### WHAT NEEDS TO BE DONE
Write out the whole listing exactly; no images belong in it.
(DATA BLOCK)
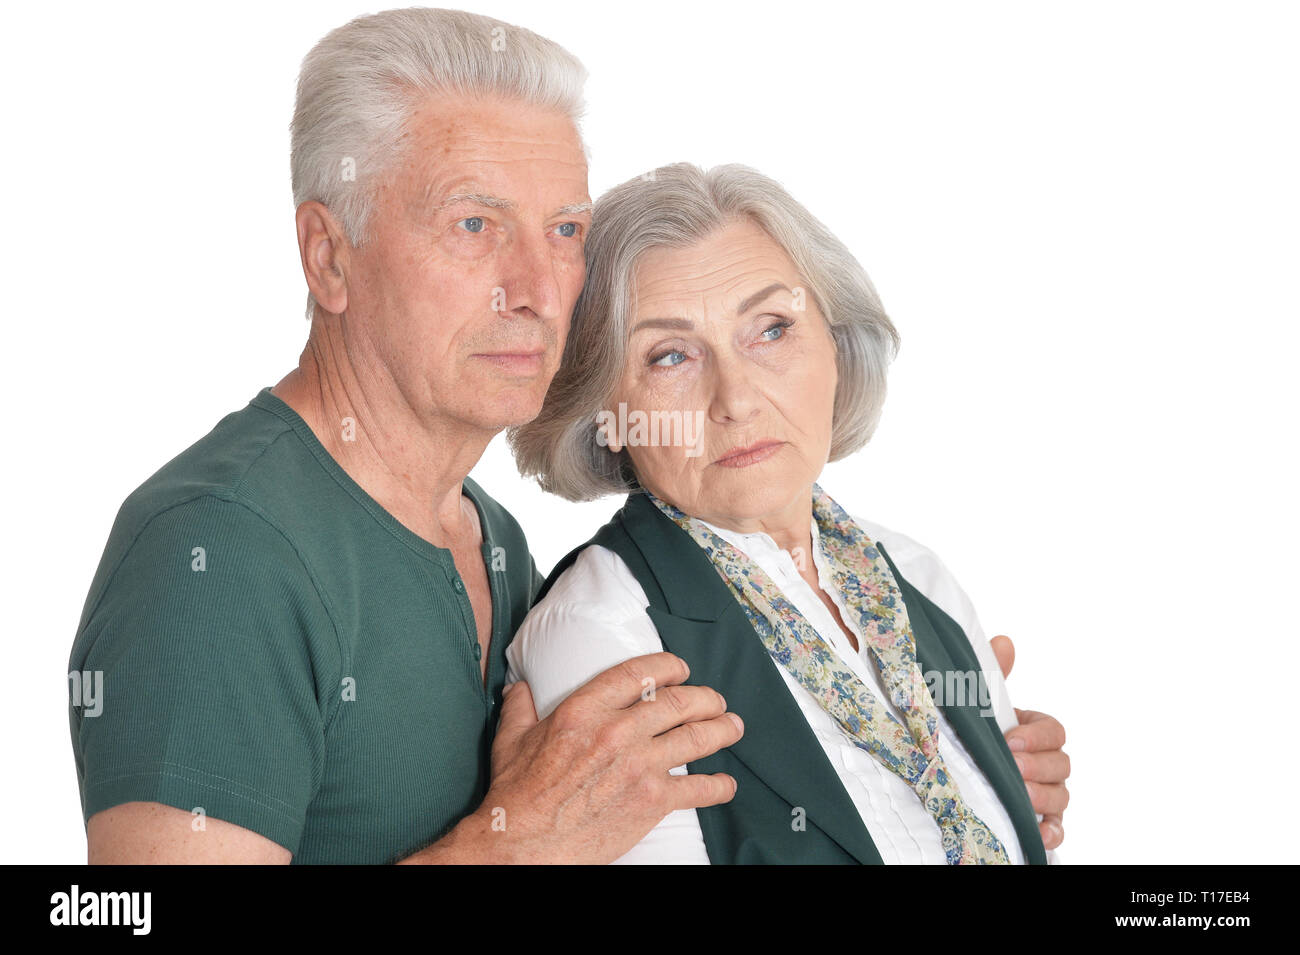 Portrait of thinking senior couple on white background Stock Photo
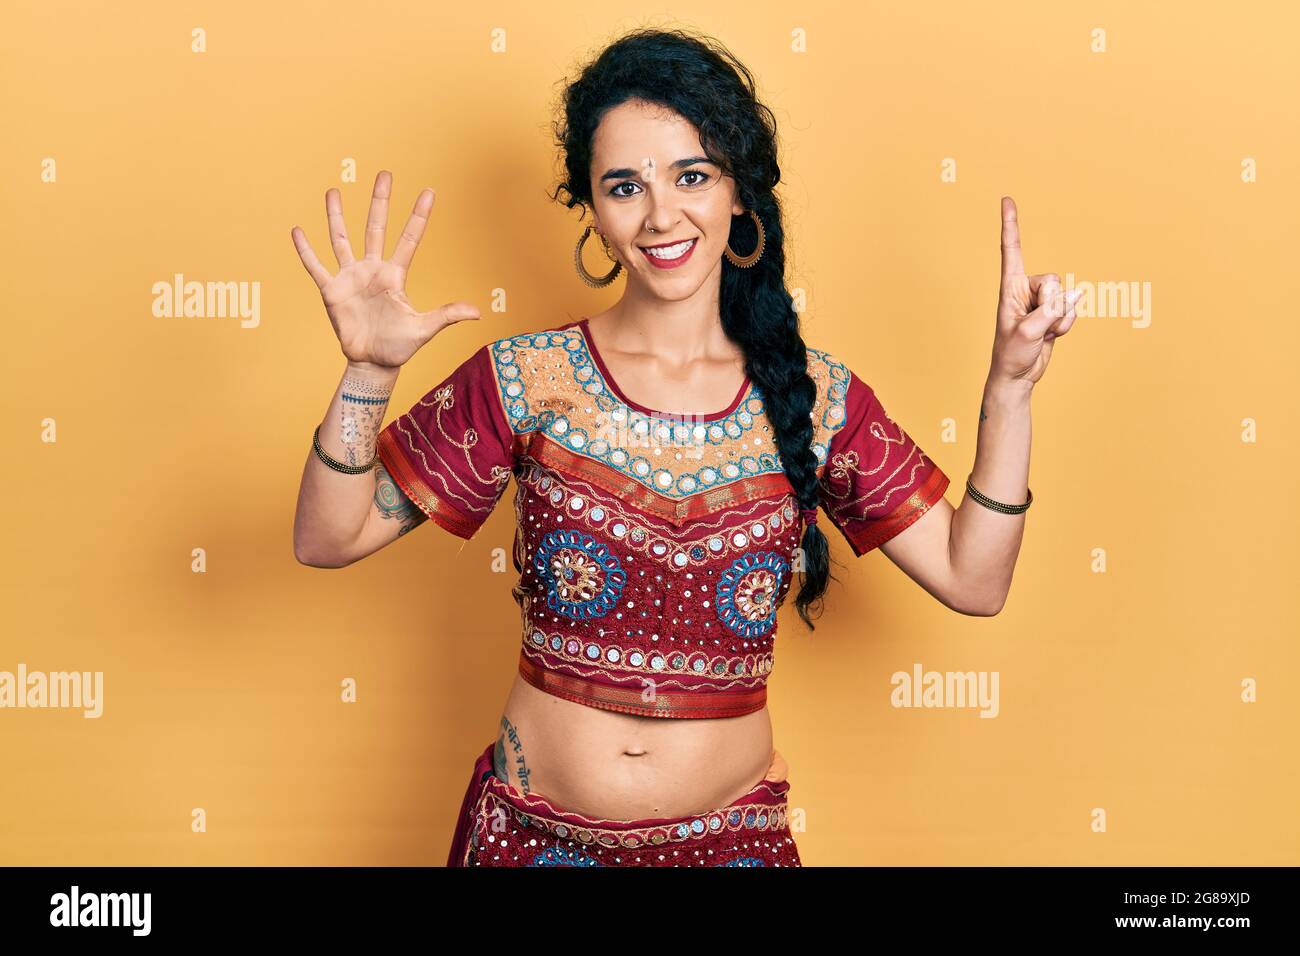 Junge Frau in Bindi- und bollywood-Kleidung zeigt und zeigt mit den sechs Fingern nach oben, während sie selbstbewusst und glücklich lächelt. Stockfoto
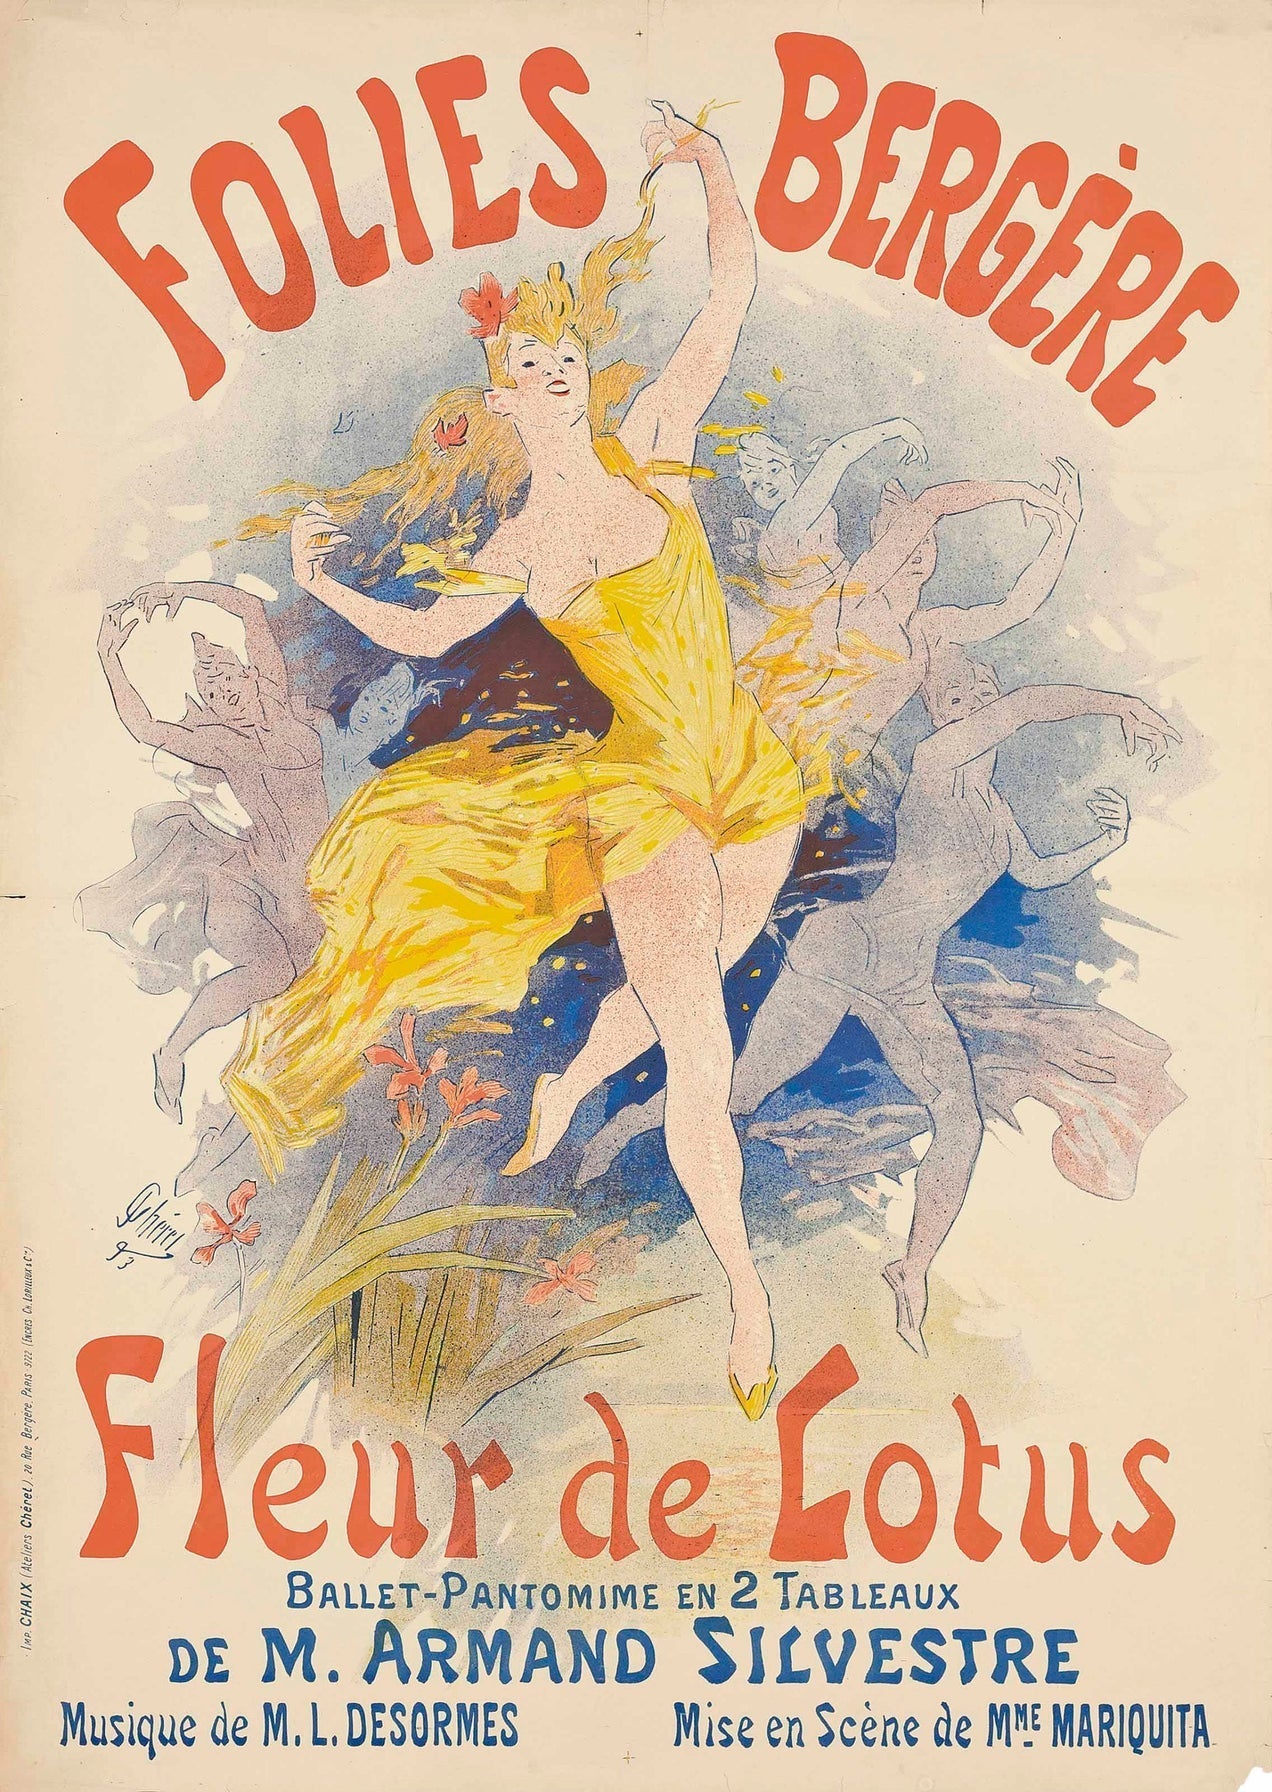 Fleur de Lotus Ballet poster, Paris (1890s) | Art nouveau prints | Jules Cheret Posters, Prints, & Visual Artwork The Trumpet Shop
(End DATA BLOCK)
### ANSWER TO THIS EXERCISE
 Portrait of thinking senior couple on white background Stock Photo
 Junge Frau in Bindi- und bollywood-Kleidung zeigt und zeigt mit den sechs Fingern nach oben, während sie selbstbewusst und glücklich lächelt. Stockfoto
 Fleur de Lotus Ballet poster, Paris (1890s) | Art nouveau prints | Jules Cheret Posters, Prints, & Visual Artwork The Trumpet Shop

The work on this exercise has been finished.